Extract Graphics

As of version 3.0, it is possible to extract the existing graphics on a page as a collection of ContentShape objects. This collection and its items can be navigated, inspected, modified and persisted. This allows you to actually change the PDF content.

Page.CreateShapes

The central method to extracting graphics is Page.CreateShapes. The following code copies all content except the images from an existing document to a new document:

static void Main(string[] args)
{
   using (FileStream fileIn = new FileStream(
      "in.pdf", FileMode.Open, FileAccess.Read))
   {
      Document pdfIn = new Document(fileIn);
      Document pdfOut = new Document();

      foreach ( Page page in pdfIn.Pages)
         pdfOut.Pages.Add(copy(page));

      using (FileStream fileOut = new FileStream(
         "out.pdf", FileMode.Create, FileAccess.Write))
      {
         pdfOut.Write(fileOut);
      }
   }
}

static Page copy(Page page)
{
   Page newPage = new Page(page.Width, page.Height);

   ShapeCollection shapes = page.CreateShapes();
   purge(shapes);
   newPage.Overlay.Add(shapes);

   return newPage;
}

static void purge(ShapeCollection shapes)
{
   for(int i=0; i<shapes.Count; i++)
   {
      Shape shape = shapes[i];
      if (shape is ImageShape) { shapes.RemoveAt(i); i--; }
      if (shape is ShapeCollection) purge(shape as ShapeCollection);
   }
}

Code sample: Copy content except images from an existing document to a new document

Shape types

Only the following shape types are returned:

  • Structure shapes: ShapeCollection, ClipShape and LayerShape

  • Path shapes: FreeHandShape and LineShape

  • Graphics shapes: TextShape and ImageShape

Note that multiline text is not converted to a MultilineTextShape object and that paths are not converted to EllipseShape or RectangleShape objects.

Transformations

The Transform property of each ContentShape is set to an object of type TransformCollection. The items inside this collection are always of type MatrixTransform. Each transformation inside a PDF document is preserved as a single MatrixTransform so they are not collapsed.

Restrictions

The following features are not preserved while extracting graphics since they are not yet supported by the Shape object model:

  • Complex transparencies will be reduced to a single opacity value of type double (ContentShape.Opacity).

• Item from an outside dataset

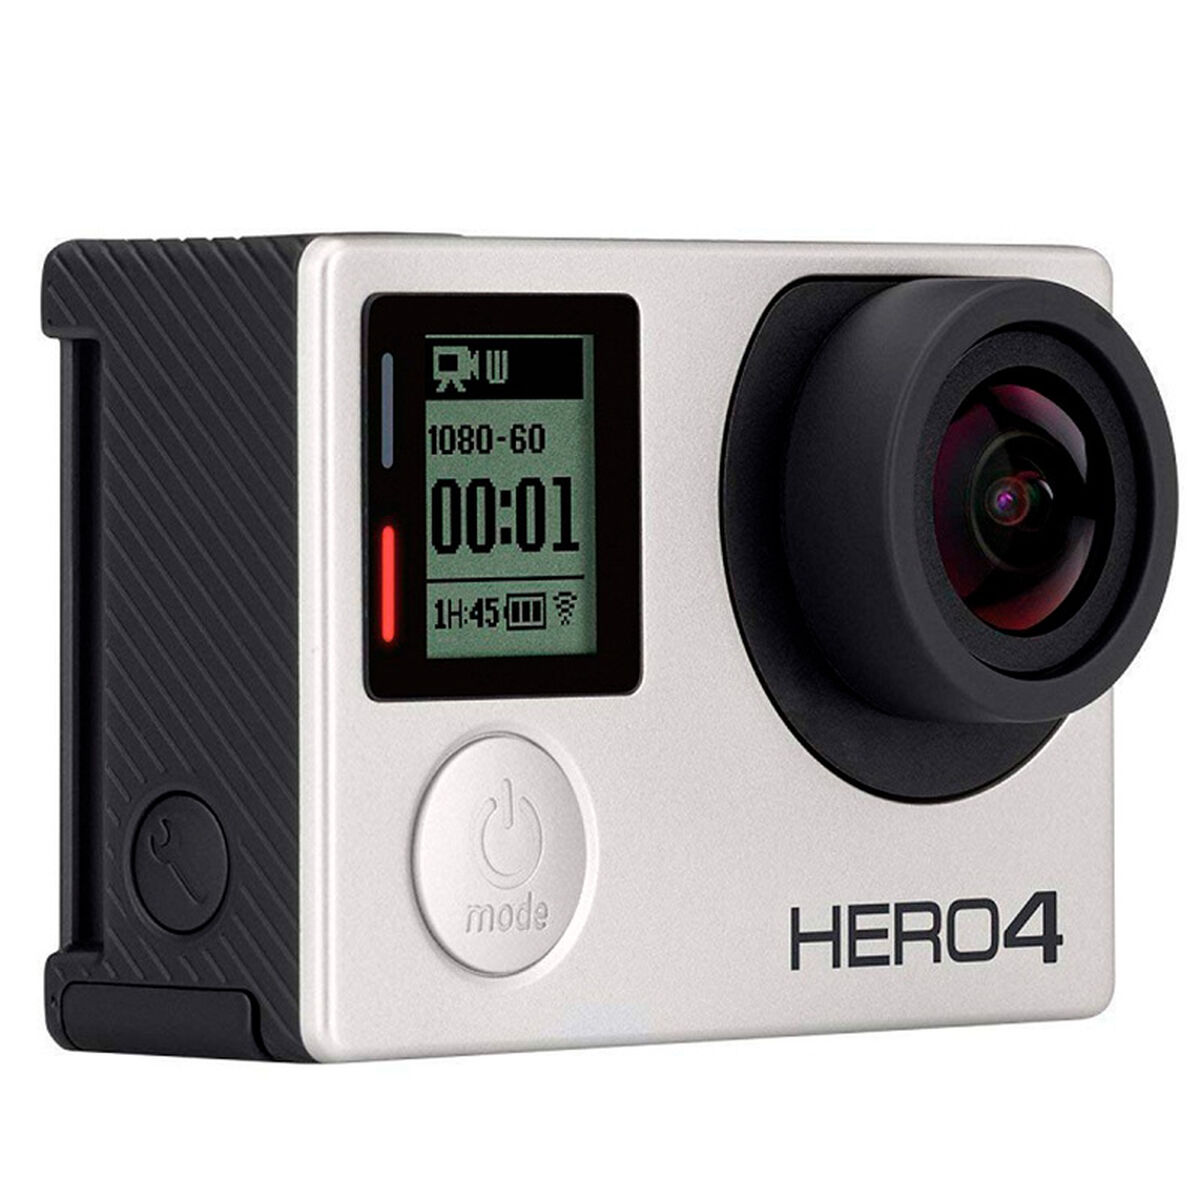 Cámara GoPro Reacondicionada HERO4 4K30 Black Edition

  • When modifying the TextShape.Text property, you need to be aware that if it uses a subsetted font, it may not be able to display the new text. This is the case if characters are used for which no representation exists in the subsetted font.

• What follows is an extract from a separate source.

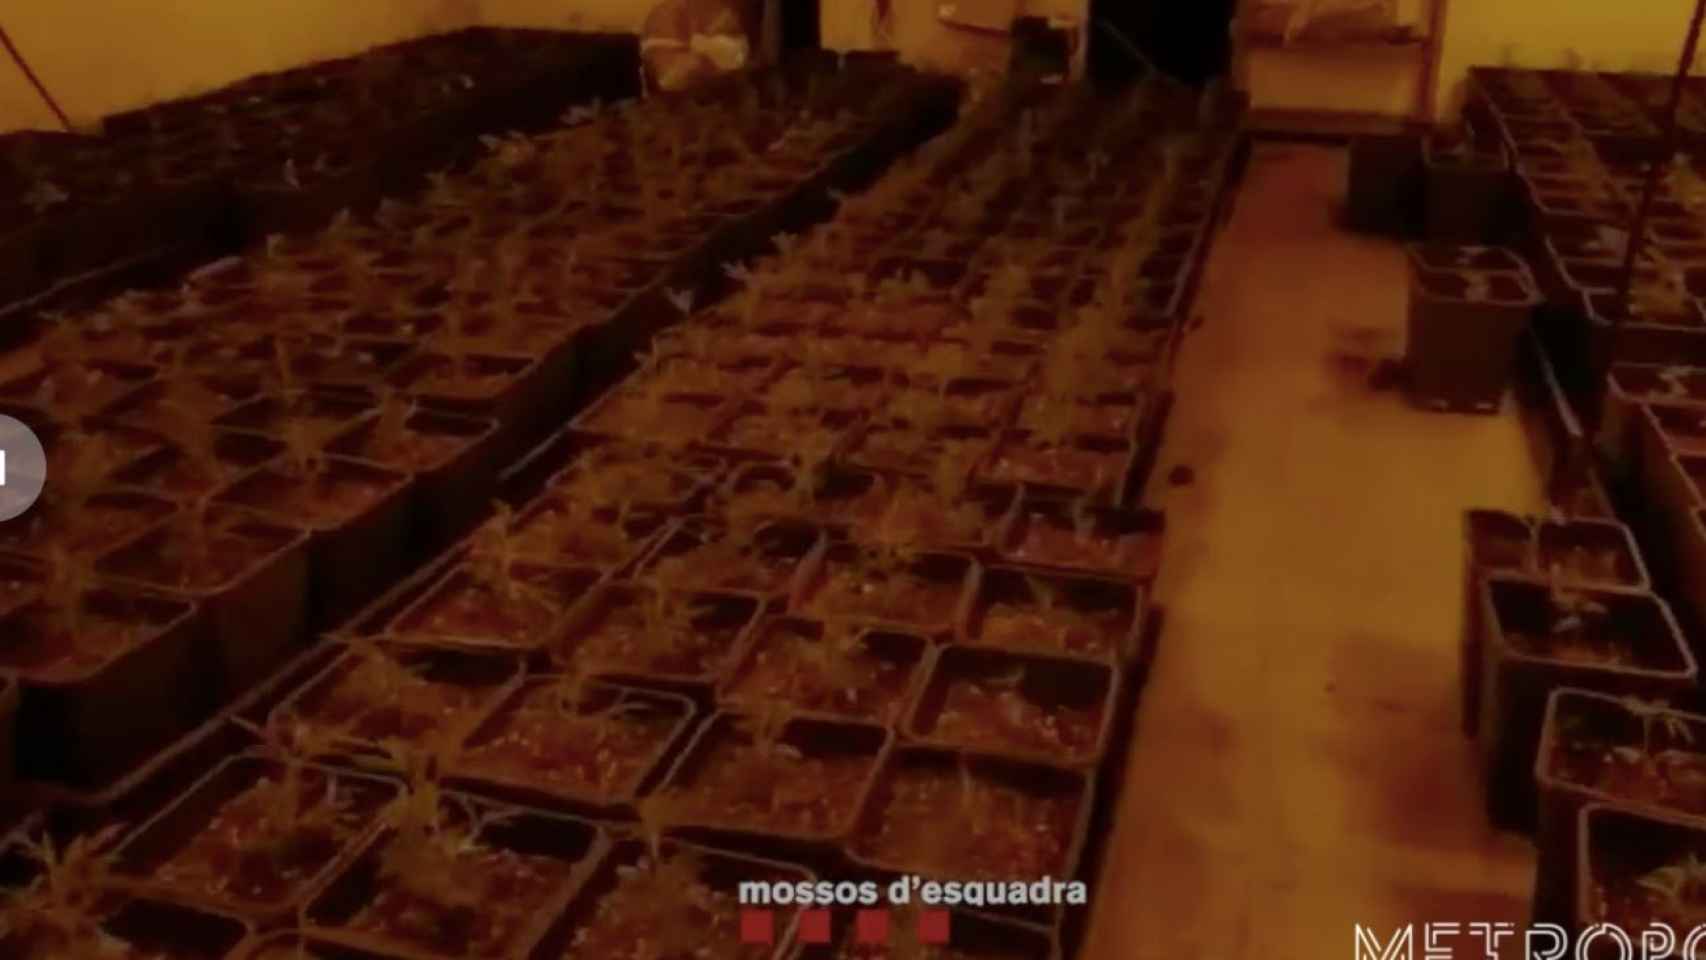 Plantación de marihuana desmantelada en Sant Martí / MOSSOS

  • Shading types FunctionBasedShading (Type1), FreeFormGouraudShaded (Type4), LatticeFormGouraudShaded (type5), CoonsPatchMeshes (type6) and TensorProductPatchMeshes (type7) shadings are not supported. These are mapped to no fill.

  • The functions of shading types Axial Shading (type2) and RadialShading(type3) are converted to an array of color stops to achieve a similar visual effect.

  • Not all PDF color spaces are supported. Especially CIE based color spaces, DeviceN, Indexed and Pattern. These are converted to RGB to achieve a similar visual effect.